Protease Activated Receptor-1 Deficiency Diminishes Bleomycin-Induced Skin Fibrosis

  • Jan Willem Duitman
  • Roberta R. Ruela-de-Sousa
  • Kun Shi
  • Onno J. de Boer
  • Keren S. Borensztajn
  • Sandrine Florquin
  • Maikel P. Peppelenbosch
  • C. Arnold Spek
Research Article

Abstract

Accumulating evidence shows that protease-activated receptor-1 (PAR-1) plays an important role in the development of fibrosis, including lung fibrosis. However, whether PAR-1 also plays a role in the development of skin fibrosis remains elusive. The aim of this study was to determine the role of PAR-1 in the development of skin fibrosis. To explore possible mechanisms by which PAR-1 could play a role, human dermal fibroblasts and keratinocytes were stimulated with specific PAR-1 agonists or antagonists. To investigate the role of PAR-1 in skin fibrosis, we subjected wild-type and PAR-1-deficient mice to a model of bleomycin-induced skin fibrosis. PAR-1 activation leads to increased proliferation and extra cellular matrix (ECM) production, but not migration of human dermal fibroblasts (HDF) in vitro. Moreover, transforming growth factor (TGF)-β production was increased in keratinocytes upon PAR-1 activation, but not in HDF. The loss of PAR-1 in vivo significantly attenuated bleomycin-induced skin fibrosis.
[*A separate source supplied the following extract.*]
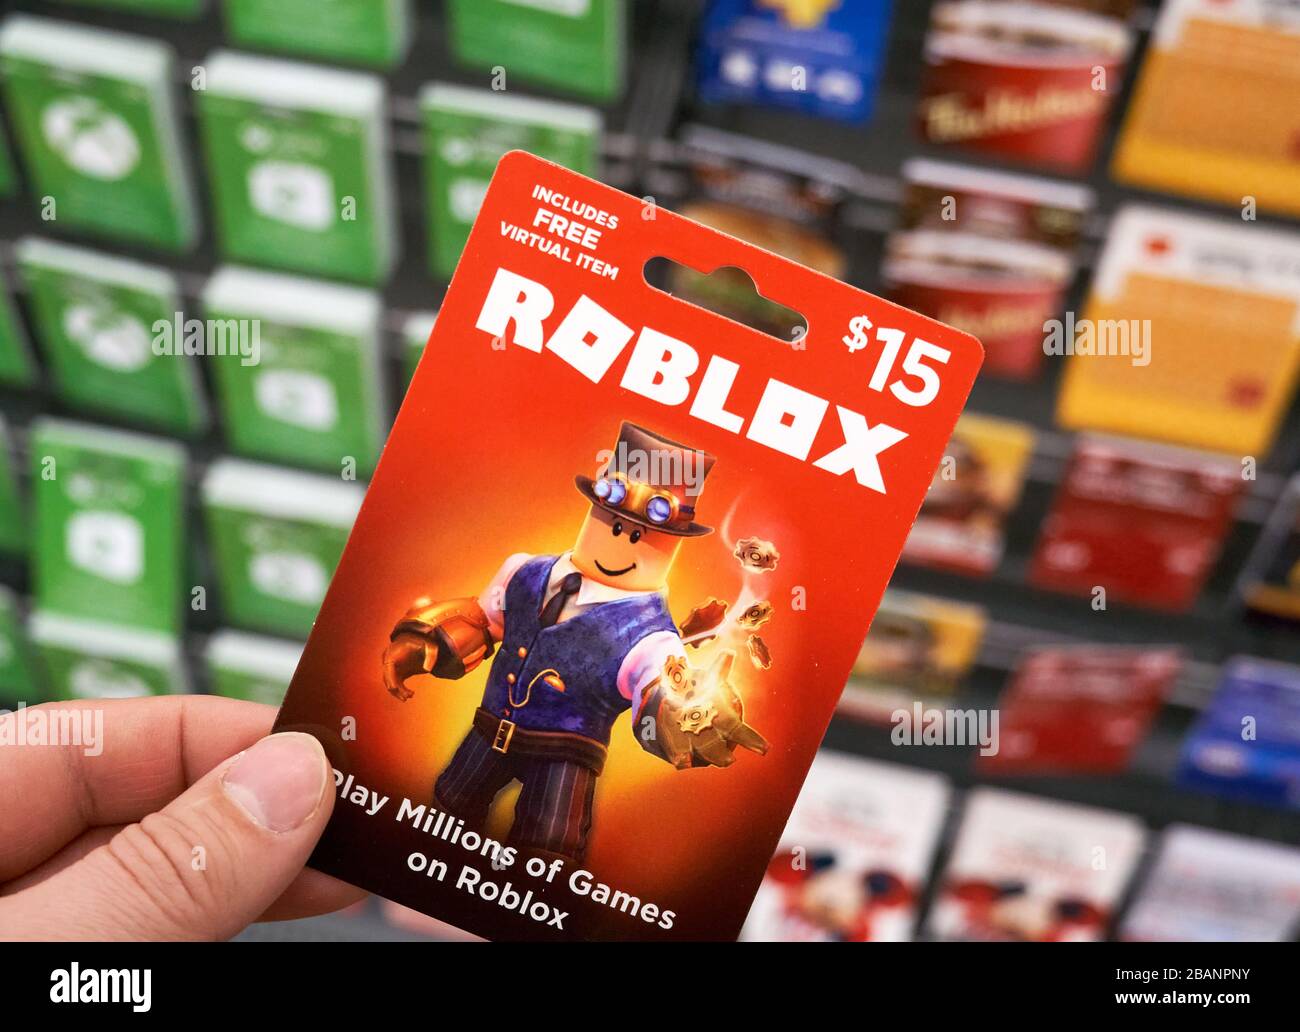 Roblox Game Immagini E Fotos Stock Alamy - immagini di roblox

The bleomycin-induced increase in dermal thickness and ECM production was reduced significantly in PAR-1-deficient mice compared with wild-type mice. Moreover, TGF-β expression and the number of proliferating fibroblasts were reduced in PAR-1-deficient mice although the difference did not reach statistical significance. This study demonstrates that PAR-1 contributes to the development of skin fibrosis and we suggest that PAR-1 potentiates the fibrotic response mainly by inducing fibroblast proliferation and ECM production.

Notes

Acknowledgments

This study was supported by Grant 09.102 from the Dutch Burns Foundation to J Duitman. The authors like to thank Marieke ten Brink and Joost Daalhuisen for their technical assistance during the animal experiments.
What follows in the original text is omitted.